June 27, 2016 at 17:27

Modifications to machine code: “selection” vs. "Genetic Engineering"



    About the myths regarding GMOs have already been written here . In addition to this, I would like to share an excellent analogy with the analysis of real examples from the field of reverse engineering and modification of machine code, which will be understandable and close to programmers.

    Mutations of machine code


    As an example, let's take the NES prefix (known as Dendy), which uses the 6502 processor. The command system is very simple - the opcode is always represented by one byte, and each of 256 does something. No "protection" from the fool is provided, and almost any random set of bytes will be performed without resistance from the processor. Thus, we can take the ROM of some game, fix random bits in it (we will call it “mutations”) - and after starting to observe funny glitches in various unexpected places, but in general the game will most likely be workable. YouTube seems to have a whole genresimilar video. The machine code thus obtained is probably not very correct, but in most cases the processor will be able to execute it and do something.

    As it turned out, this technique is used not only for fun (playing familiar games with unexpected glitches is very funny), but also for getting quite specific modifications: they make a large number of “mutants” and look for the one in which the desired effect is manifested. It’s exactly the same as in modern selection methods, when the embryos of organisms are exposed to mutagens (which leads to random changes in the genetic code), and then those that have the desired trait are selected from what could grow. Organisms obtained in this way receive in the appendage a host of other undesirable mutations. They get rid of them by gradual crossing with a normal look, achieving a more or less sane organism with the desired trait and a minimum of other mutations that are noticeable. The same can be done with machine code.

    "Genetic Engineering" in machine code


    As a direct analogy, reverse engineering suggests itself here. We study machine (binary) code, understand how it works (in whole or only some of its parts), after which we make exactly those changes that will surely lead us to the target effect.

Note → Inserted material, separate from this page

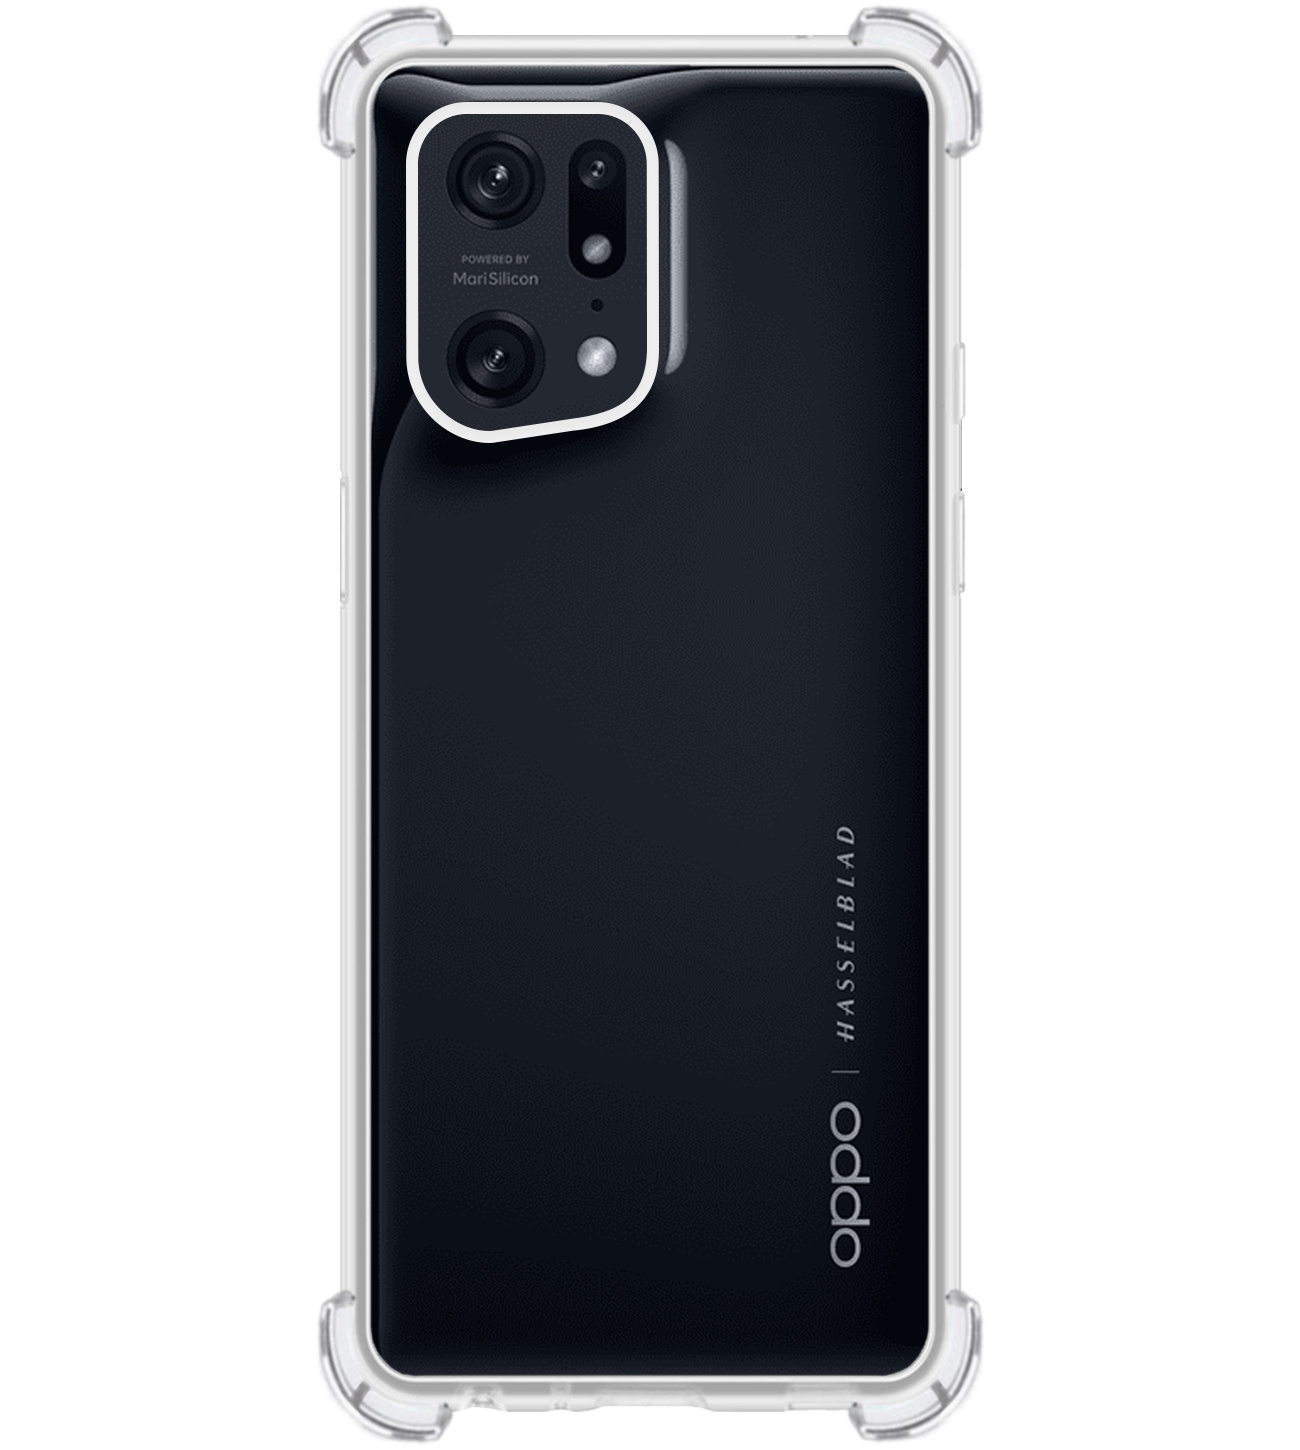 NoXx OPPO Find X5 Pro Hoesje Cover Shock Proof Case Hoes - 2x - Transparant
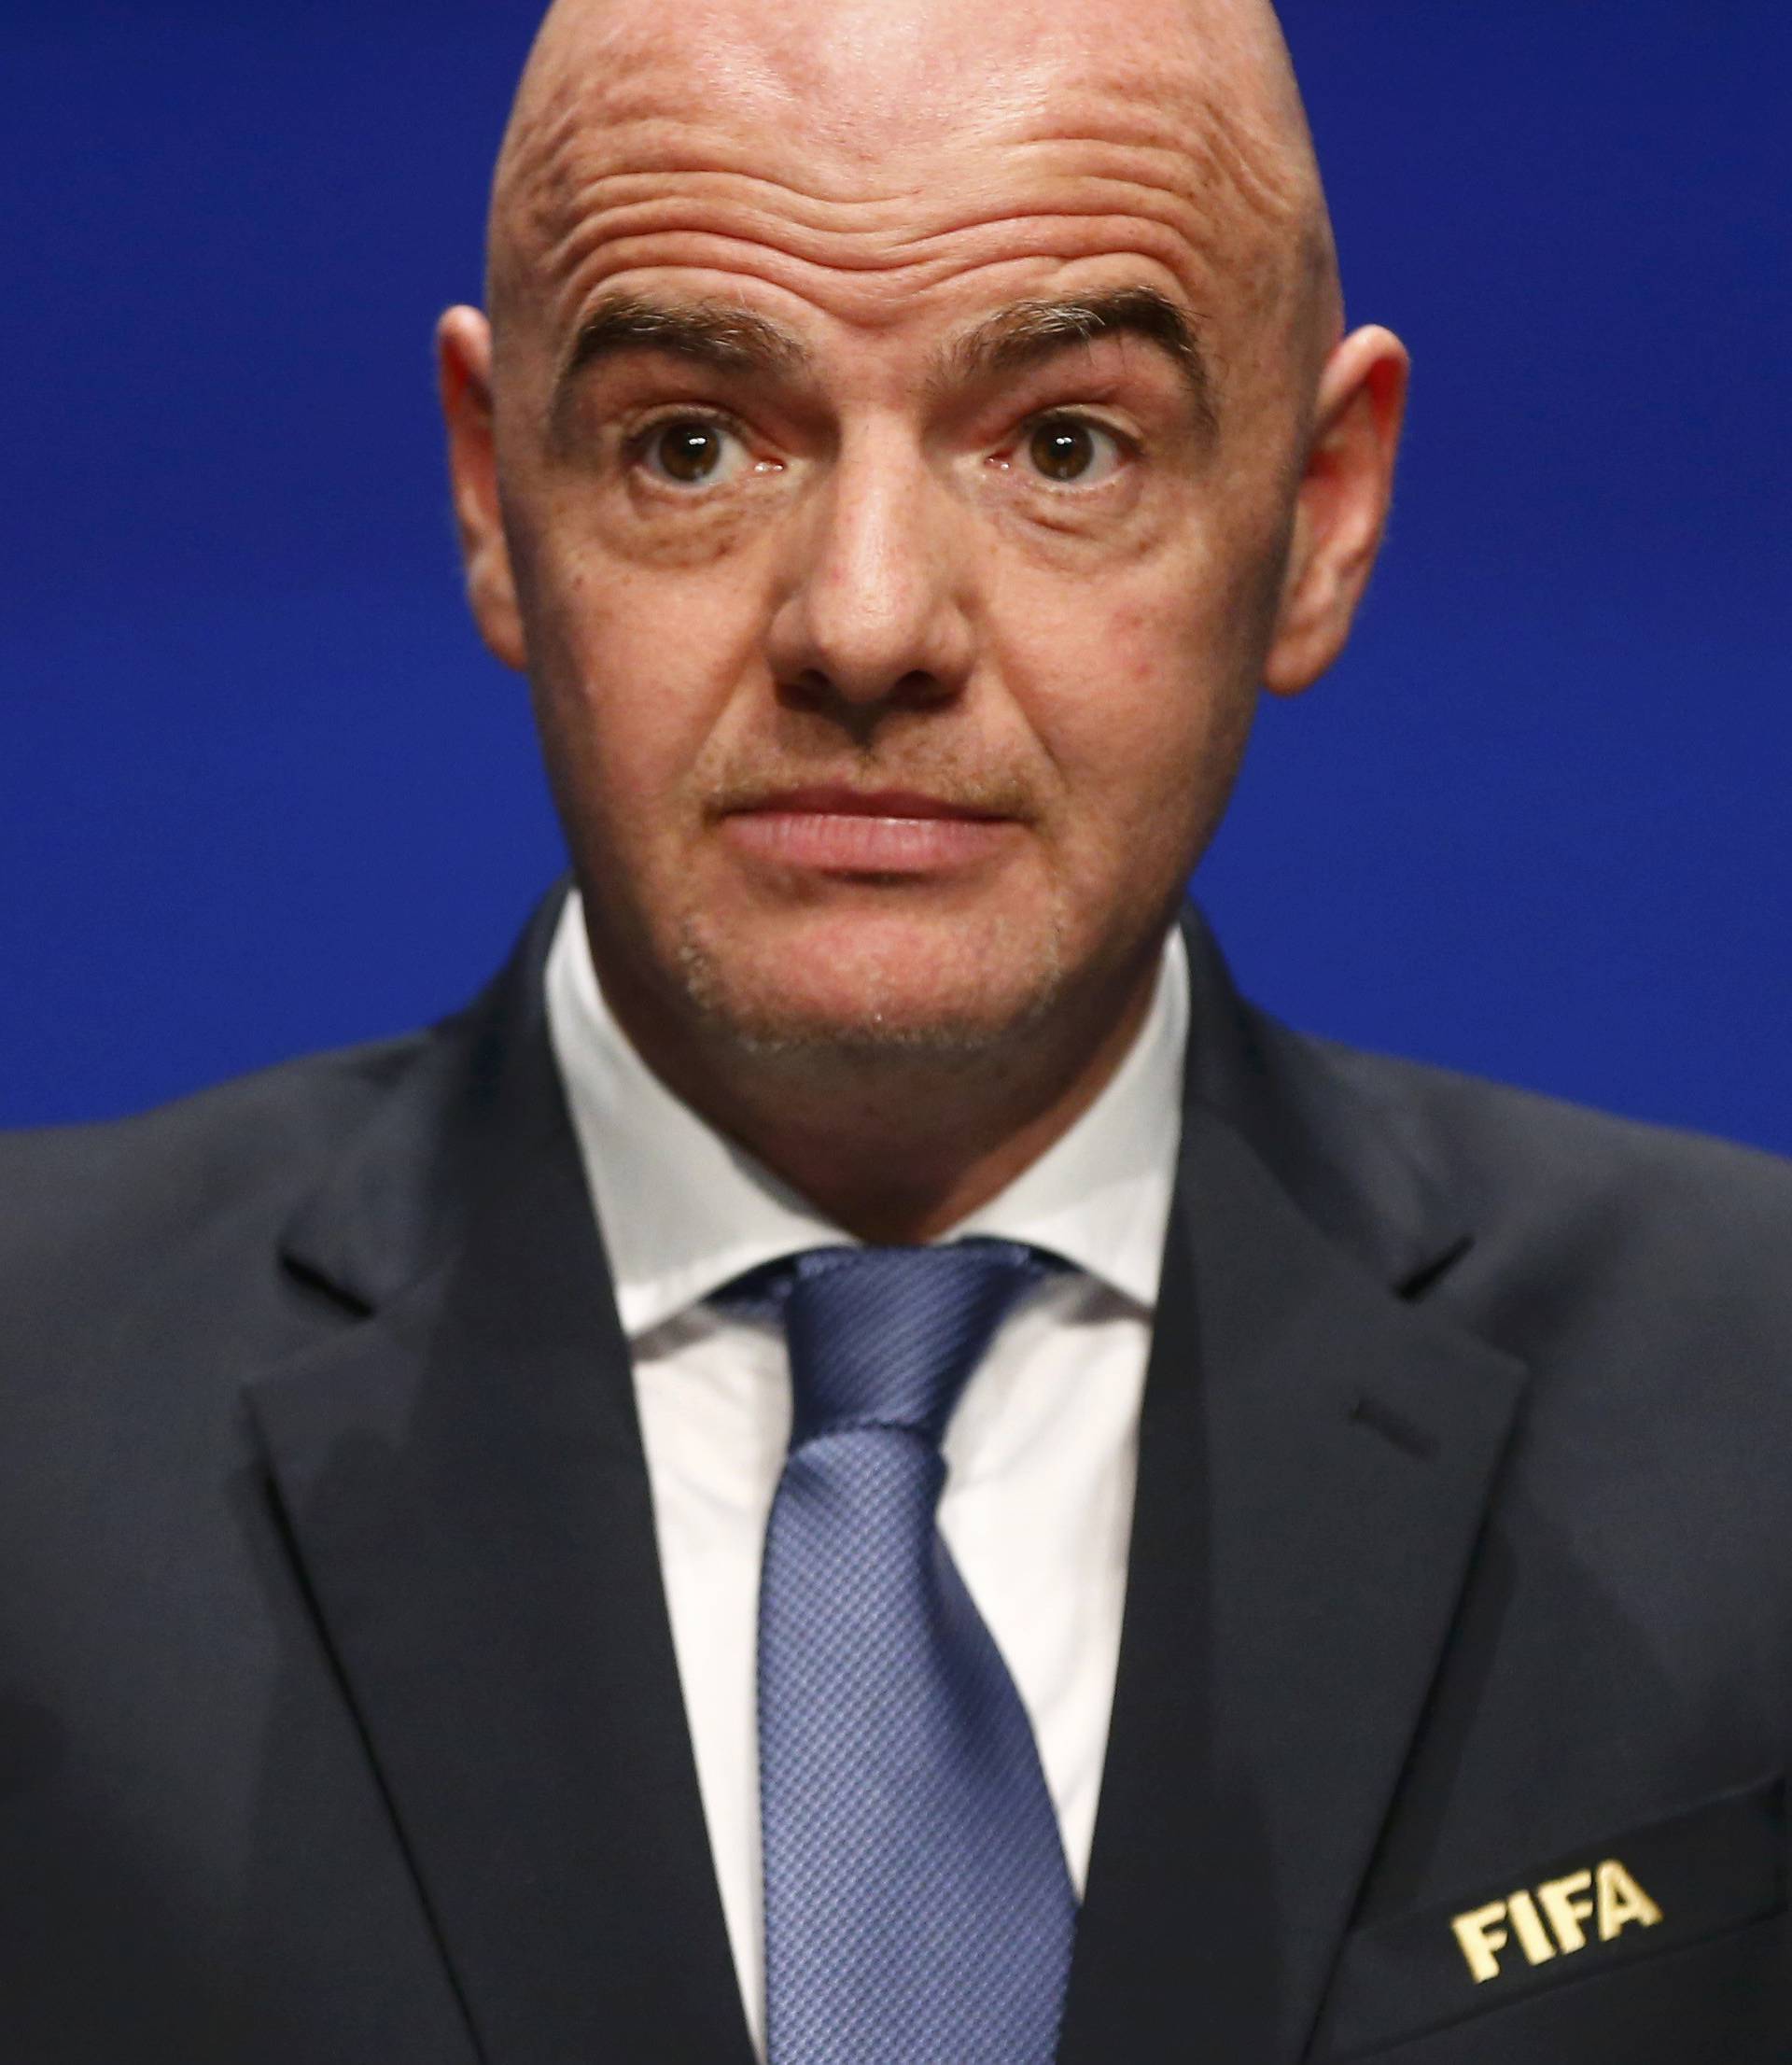 FIFA President Infantino addresses a news conference after a FIFA Council in Zurich

    Programmers have a huge number of tools for analyzing machine code (all kinds of disassemblers, debuggers, and the like). Despite the fact that machine code itself was not intended for human reading, it was invented by people and documented, so creating tools to convert it into a more understandable form (assembly listing) was not a problem. Also, almost any program under investigation was most likely written by a person, so what makes its code usually looks logical and understandable.

    It is clear that geneticists are much more complicated. There is no official documentation that could shed light on all emerging issues. The genetic code was “written” by chance and selected according to the principle “could it survive, adapt and give offspring”, so it’s surely far from logical and optimal, rather, even any obfuscation of the program code that we invented will seem like a mere babble. Nevertheless, this does not mean that it is impossible to study the genetic code and try to change it.

    Background


    For me, Dendy has always been more than just a prefix. I not only played it, but also spent considerable time inside it with a soldering iron in my hands for some simple modifications. On the way to somewhere, I often thought about how these games are created and how it works inside. Surely, many of you also once asked similar questions, such is the nature of future IT employees.

    Years passed. At some intervals, I immersed myself in the emu theme, learning everything new on thematic sites, but I did not dare to plunge into the study of assembler 6502 and NES architecture. The internal conflict of the rational and the irrational. I persuaded myself for a long time that I did not need to spend time on this, but ... broke. Looking at what interesting things the enthusiasts of the emu scene do, I took up my long-standing idea with a bright thought: “I can too!”.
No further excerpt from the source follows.